Supercritical extraction of coal is removal of a select fraction of the coal by a solvent which is slightly above its critical temperature and above its critical pressure. The objective of this dissertation was to understand the mechanism of supercritical extraction, to test some promising solvents, and to explore the design implications of the findings.

Supercritical extraction of Wyodak coal was studied by passing various solvents upwards through a 15-gram sample of 12-20 mesh coal. For the high temperature experiments, the coal was heated to 375°C and 425°C in a hot fluidized sand bath. The main solvent used was toluene, while extractions with n-pentane, xylene, methanol, and water were also done. The extract was fractionated into oils, asphaltenes, and asphaltols. Supercritical extraction of coal near pyrolysis temperatures affords an opportunity to remove unstable decomposition products from the reaction environment to avoid repolymerization and pore blinding. Stronger aromatic solvents removed the decomposition products as they were formed. However, product degradation even with the strongest solvents was inevitable during the initial few minutes.

For the low temperature experiments (below 95°C), the solvent was carbon dioxide. Effects of liquid entrainers (pre-mixed with the coal), and heat-pretreatment of the coal (at 400°C for 1 hour) were also studied. The major difference between the high and low temperature extractions was that coal reactions occurred at high temperatures simultaneously with solubilization. Extraction of raw coal and heat-pretreated coals with carbon dioxide was negligible. However, extractions as high as 12% were possible when small amounts of liquid entrainers such as pyridine, toluene, and tetralin were pre-mixed with the coal. The entrainers were almost completely recovered with the extract.
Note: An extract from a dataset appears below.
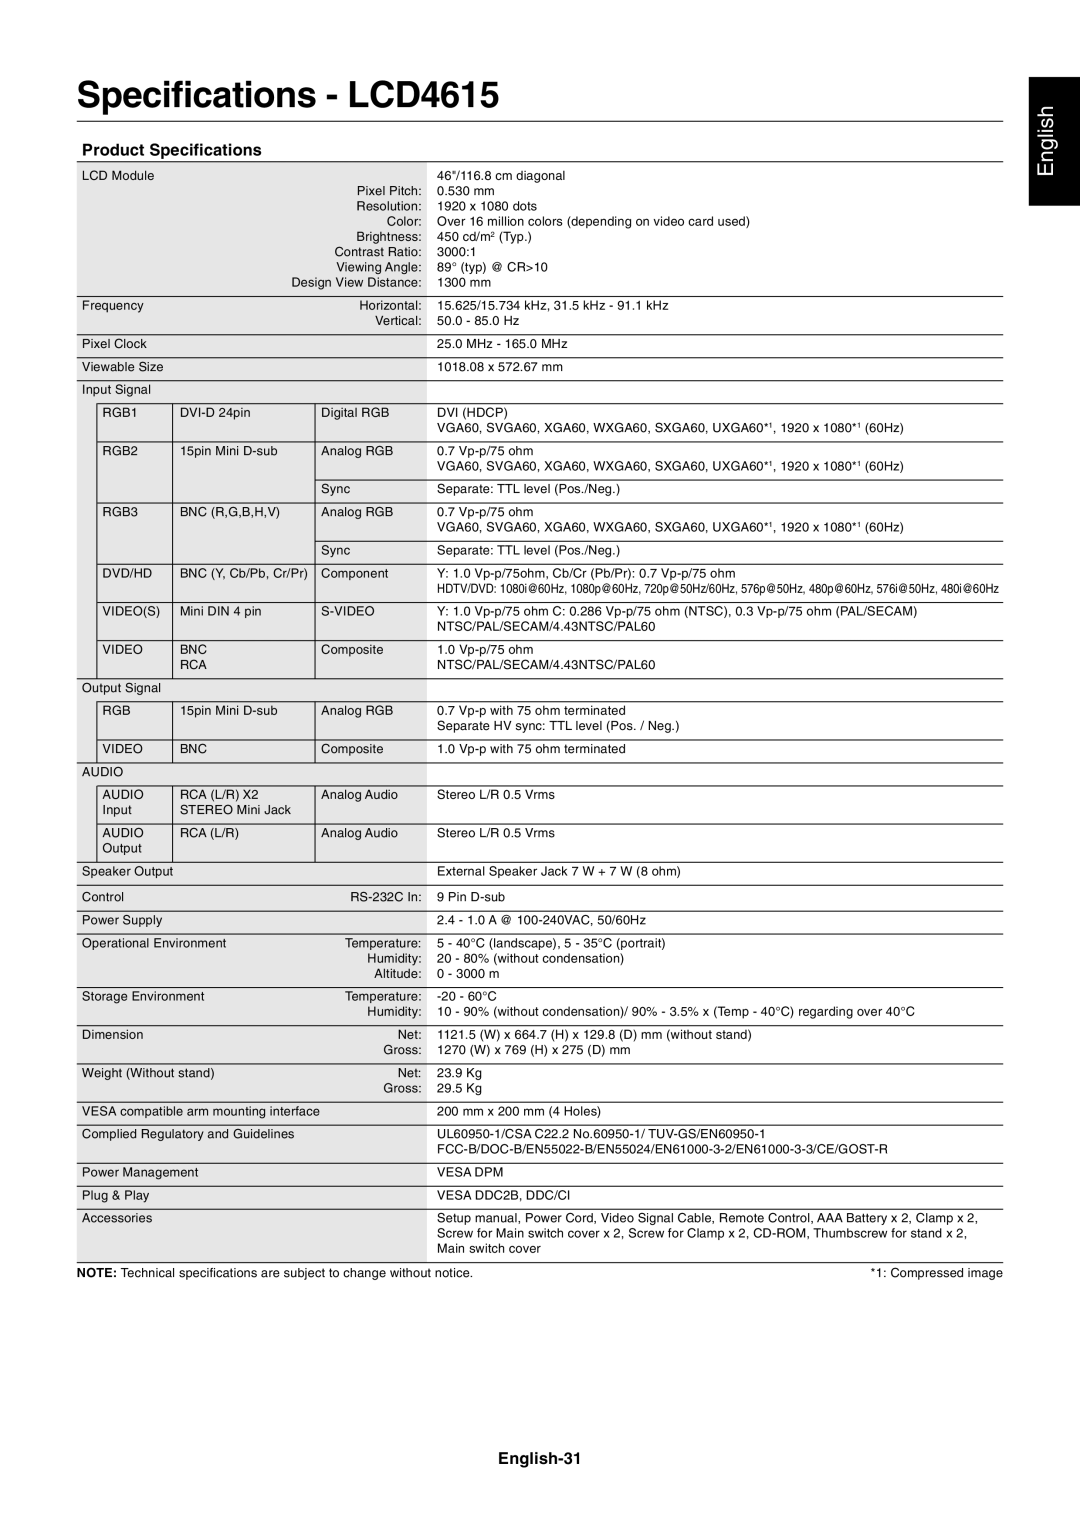 NEC user manual Specifications - LCD4615, English

The process design implications of the supercritical extractions of coal were studied using the method developed by ESCOE (Engineering Societies Commision On Energy Inc.). Preliminary design estimates showed that the following supercritical extraction processes were possible alternatives to present commercialization efforts and deserve further attention:

1. Gasification of the extraction residua;

2. Satellite plants operating in parallel with coal-burning utilities;

3. Entrainer-aided extraction.